Deviation between the corresponding content of the initial powder that the gaseous impurities content in the coating of described applying is used to manufacturing described coating is no more than 50%, or is no more than 20%, or is no more than 10%, or is no more than 5%, or is no more than 1%.In this article, term " deviation " is appreciated that as particularly referring to increase; Gaseous impurities content in gained coating exceedes the degree of the gaseous impurities content of initial powder should advantageously not more than 50%.

Oxygen level in the coating of described applying and the deviation between the oxygen level of initial powder, preferably more than 5%, are specifically no more than 1%, and the deviation between hydrogen richness and the hydrogen richness of initial powder is no more than 5%, is specifically no more than 1%.

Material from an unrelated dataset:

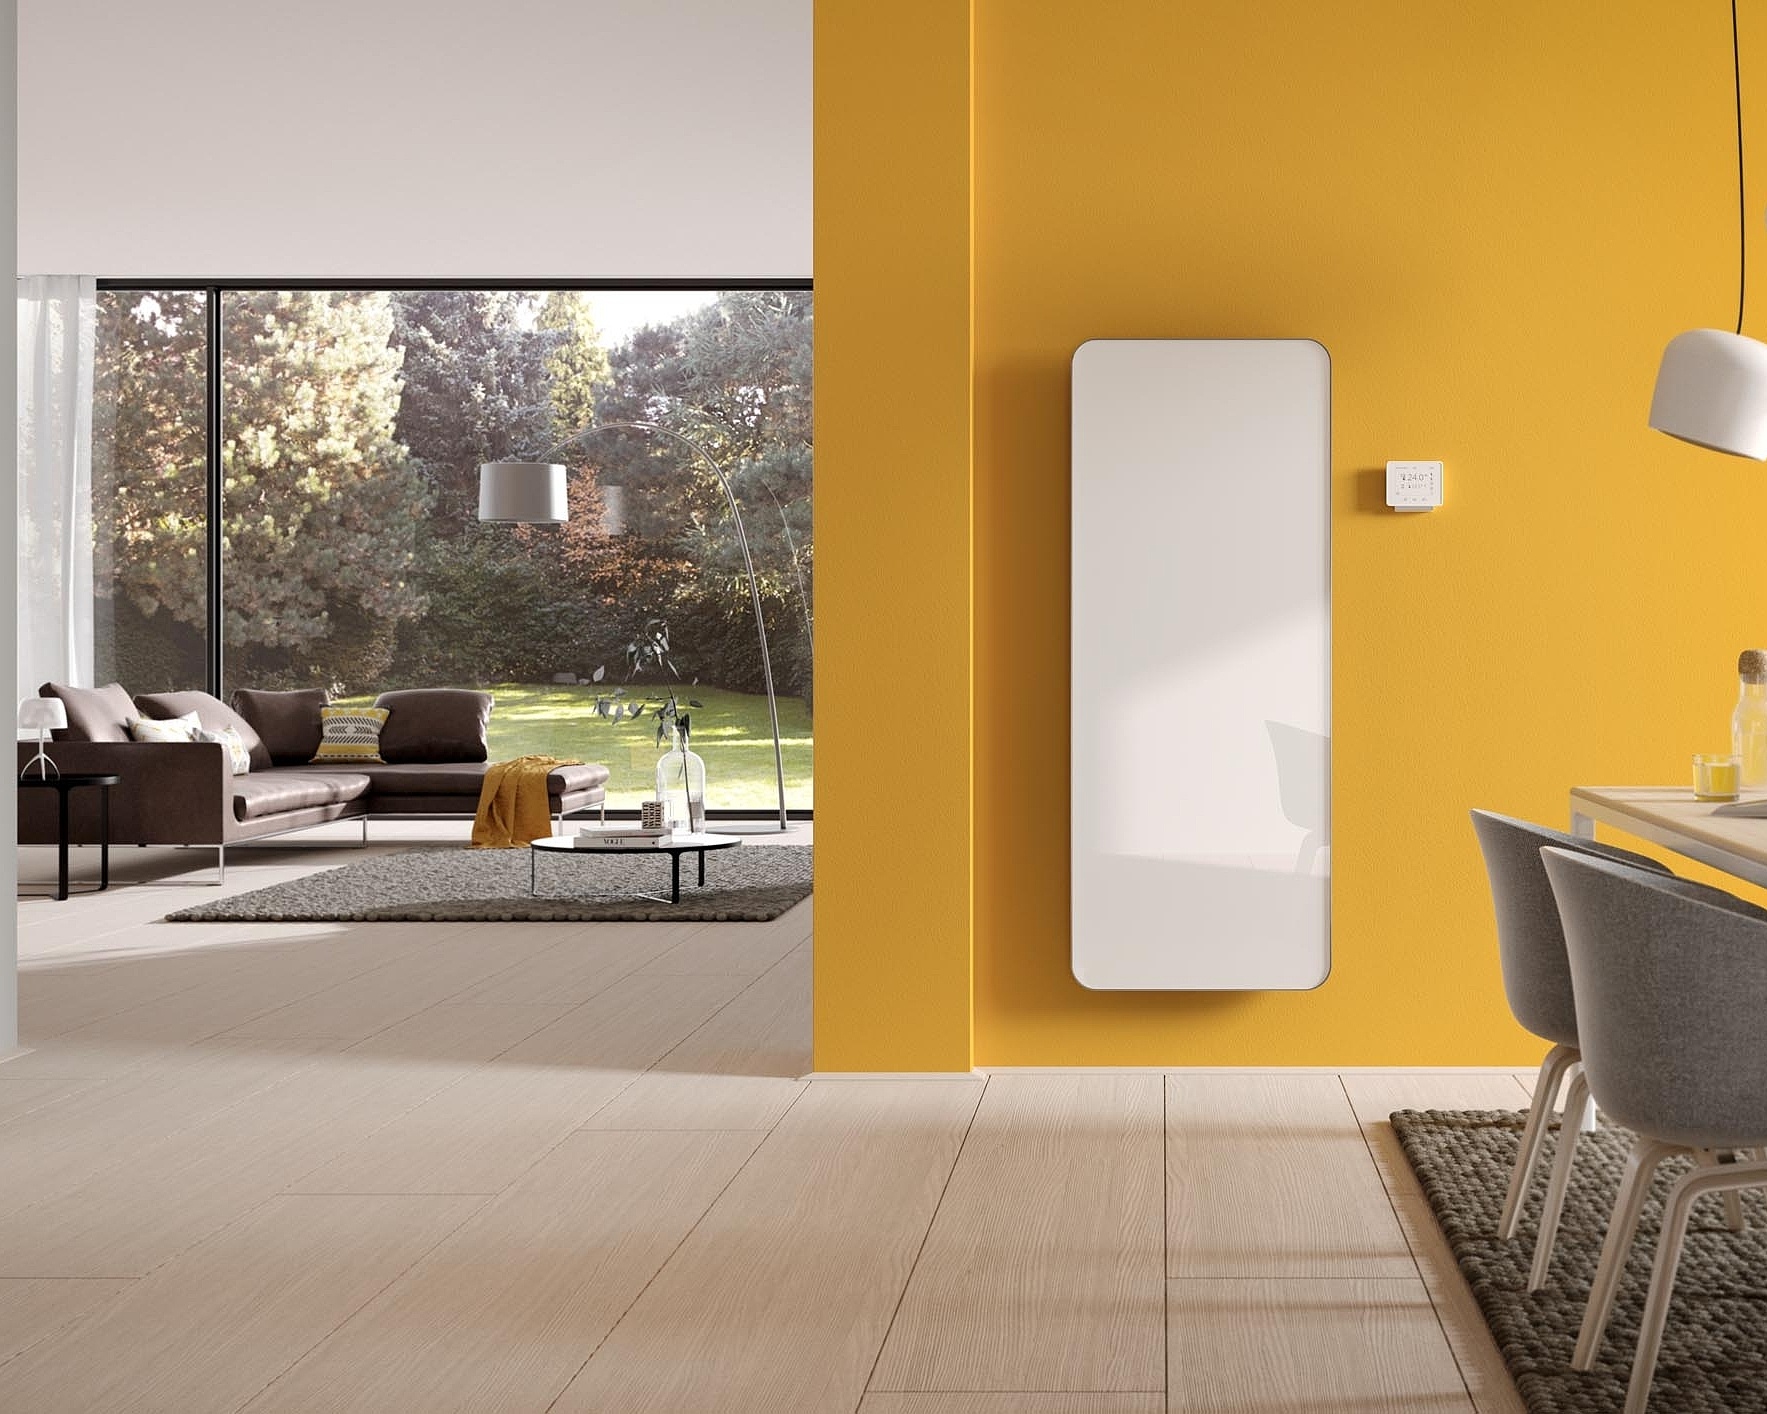 Kermi Elveo design and bathroom radiators – infrared radiators with all-electric operation.

Preferably be less than 500ppm according to the total content of other nonmetallic impurity as carbon or nitrogen in coating of the present invention, be most preferably less than 150ppm.According to method of the present invention, the higher layer of foreign matter content also can be prepared.

Specifically, oxygen level is preferably 50ppm or less, and hydrogen richness is preferably 50ppm or less, and nitrogen content is 25ppm or less, and carbon content is 25ppm or less.

The content of metallic impurity is preferably 50ppm or less, preferably 10ppm or less.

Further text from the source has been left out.